The No. 4 Stewart-Haas team surely gets motivation from a driver who never quits. A year ago, a decision by Childers to have his crew shake the rear of the team's Chevy during a gas-only pit stop actually added air to the tank instead of more gas. The fastest car on the track, Harvick ran out of fuel while leading shortly before the finish. In a must-win situation, Harvick and his team advanced to the next round of the Chase with a victory in Dover.

The win in New Hampshire this year was well received by fans, some of whom rushed the fences during Harvick's victory lap. After two straight wins by Kenseth on the Golden Mile, this could be interpreted as a vote in favor of Chevy over Toyota by the fans in New England, a traditional stronghold for NASCAR -- particularly in the home-built Modified category which long has featured American-made engines and other high-performance aftermarket parts from GM.

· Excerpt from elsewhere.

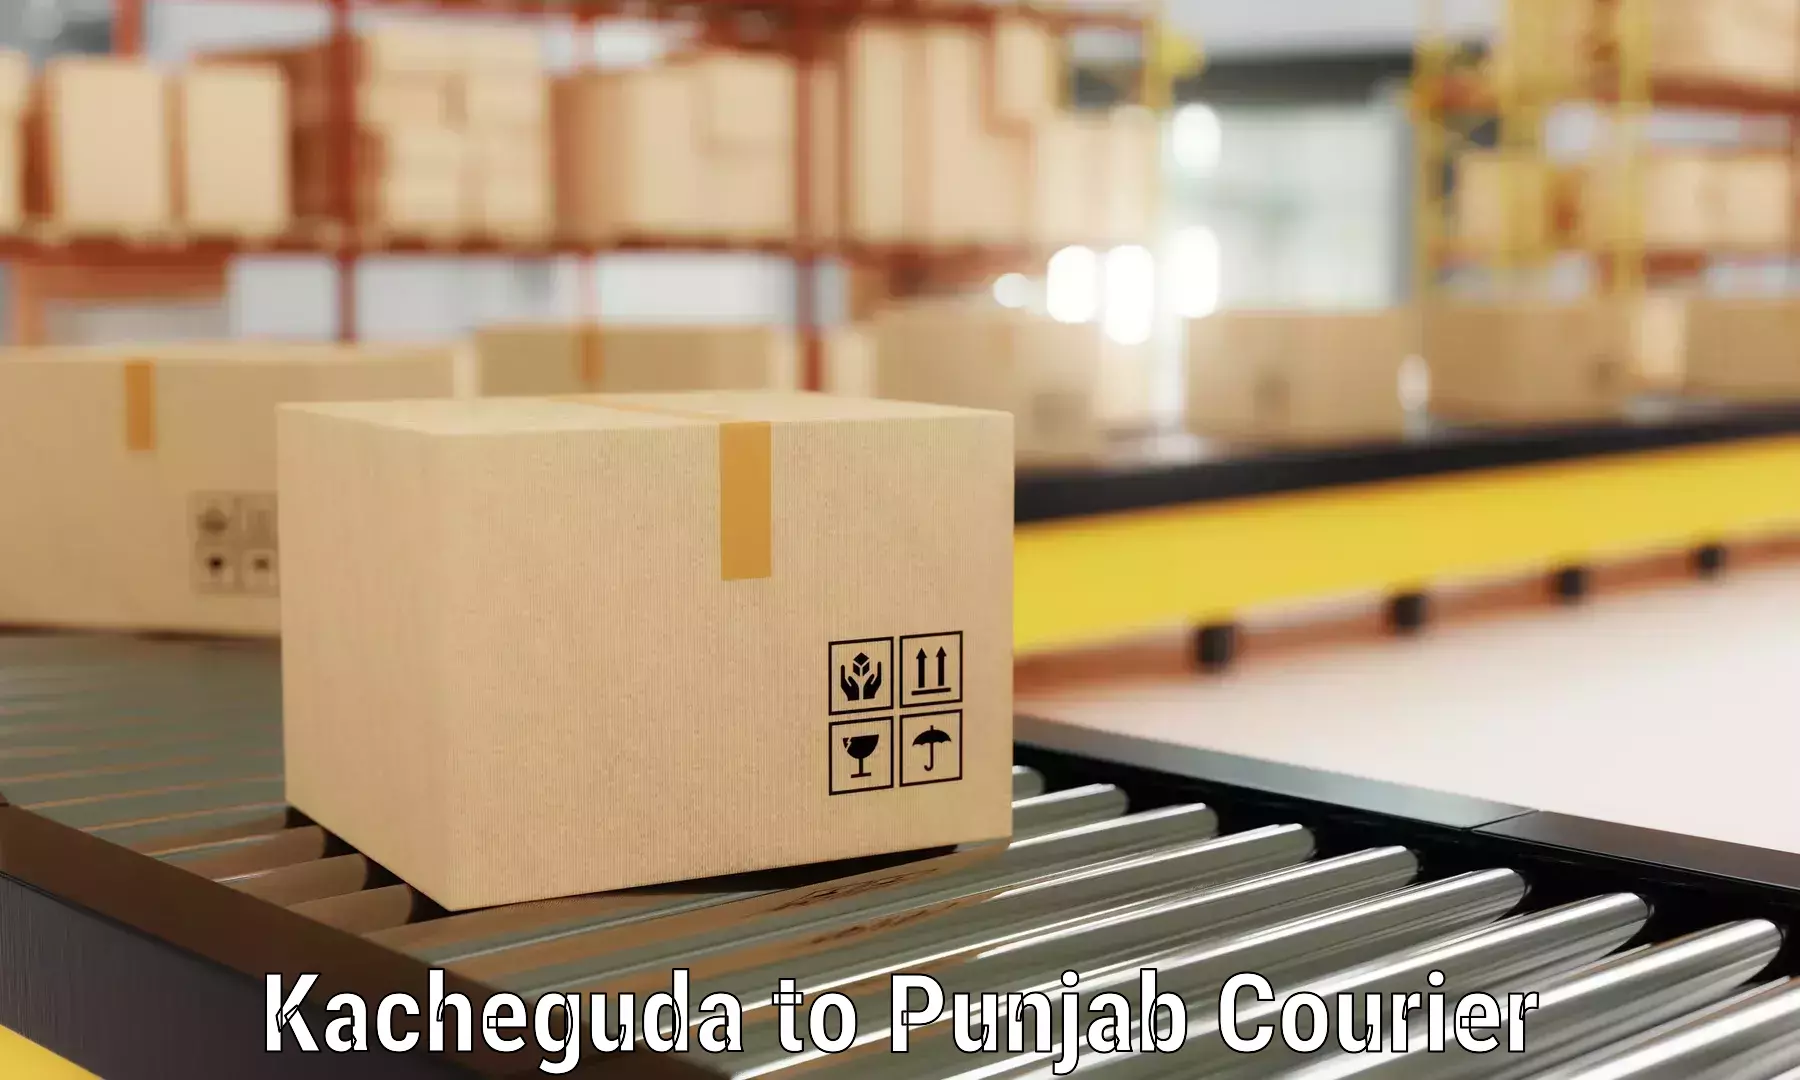 Efficient moving company Kacheguda to Central University of Punjab Bathinda

The SHR team gets its Chevy chassis and engines from Hendrick Motorsports, which also had another relatively strong day before the cautions took Chase Elliott out of contention due to his worn tires and inside position on the final two restarts.

It's been said it only takes two cars to make a race. But it doesn't hurt to have two manufacturers in the championship as well. It could well be three manufacturers in the hunt if Team Penske can find a bit more speed for its Fords to go along with the driving of Brad Keselowski, who is positioned to advance after Dover following two Top 5 finishes despite not having the quickness to contend for victory.

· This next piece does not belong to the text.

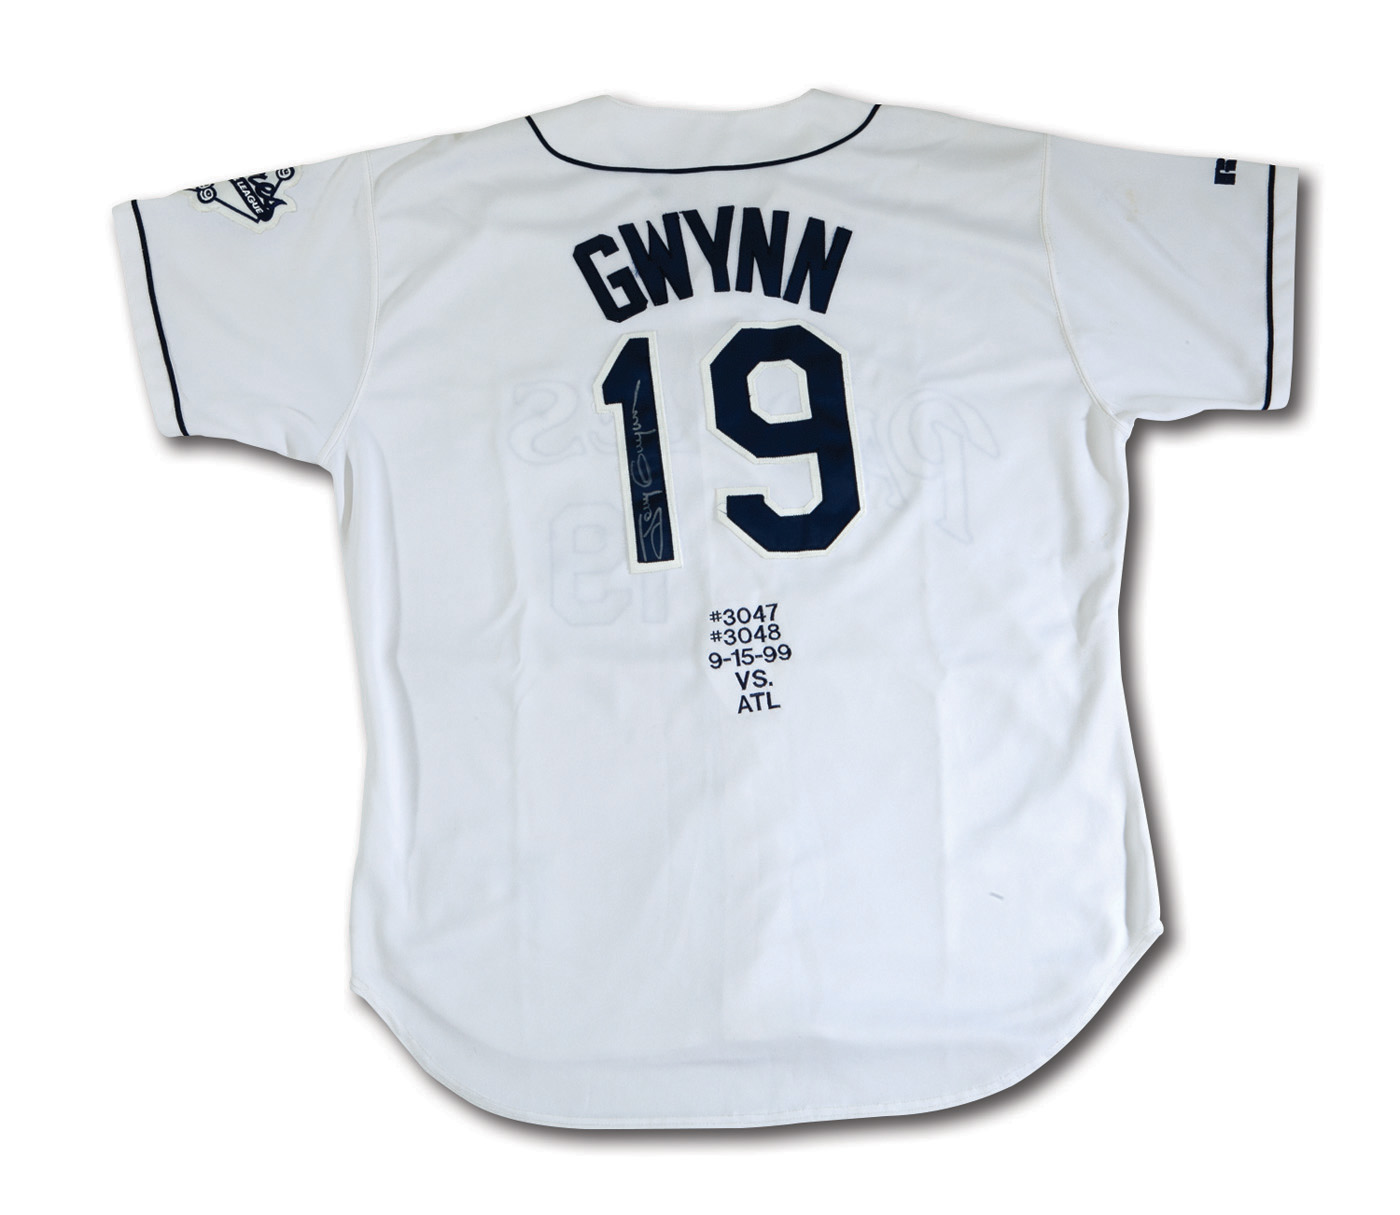 Circa 2000 Tony Gwynn Game Worn San Diego Padres Jersey.

Asked about beating the Toyotas, which have dominated this season, Childers exuded confidence.

"I think the question is can we stop ourselves," he said after his team's third victory this year. "That's the question. I felt like we had a great car last weekend and put ourselves in a bad position and probably could have won the race just like they did, and we won today. So it's up to us. It's up to us to take good cars to the race track. It's up to us to have good pit stops. It's up to me to make good decisions during the weekend and on pit road, and I think if we do that, we'll keep advancing as far as we can."

Last year, Harvick used a good result in Phoenix to advance to the final Chase race in Homestead for the second straight year before Busch took the final round to win the title. This year, having avoided desperation in the opening three-race segment, one wonders how Harvick and his team will handle the current prosperity.

Is the threat of winning equally motivating as the threat of losing? Time will tell.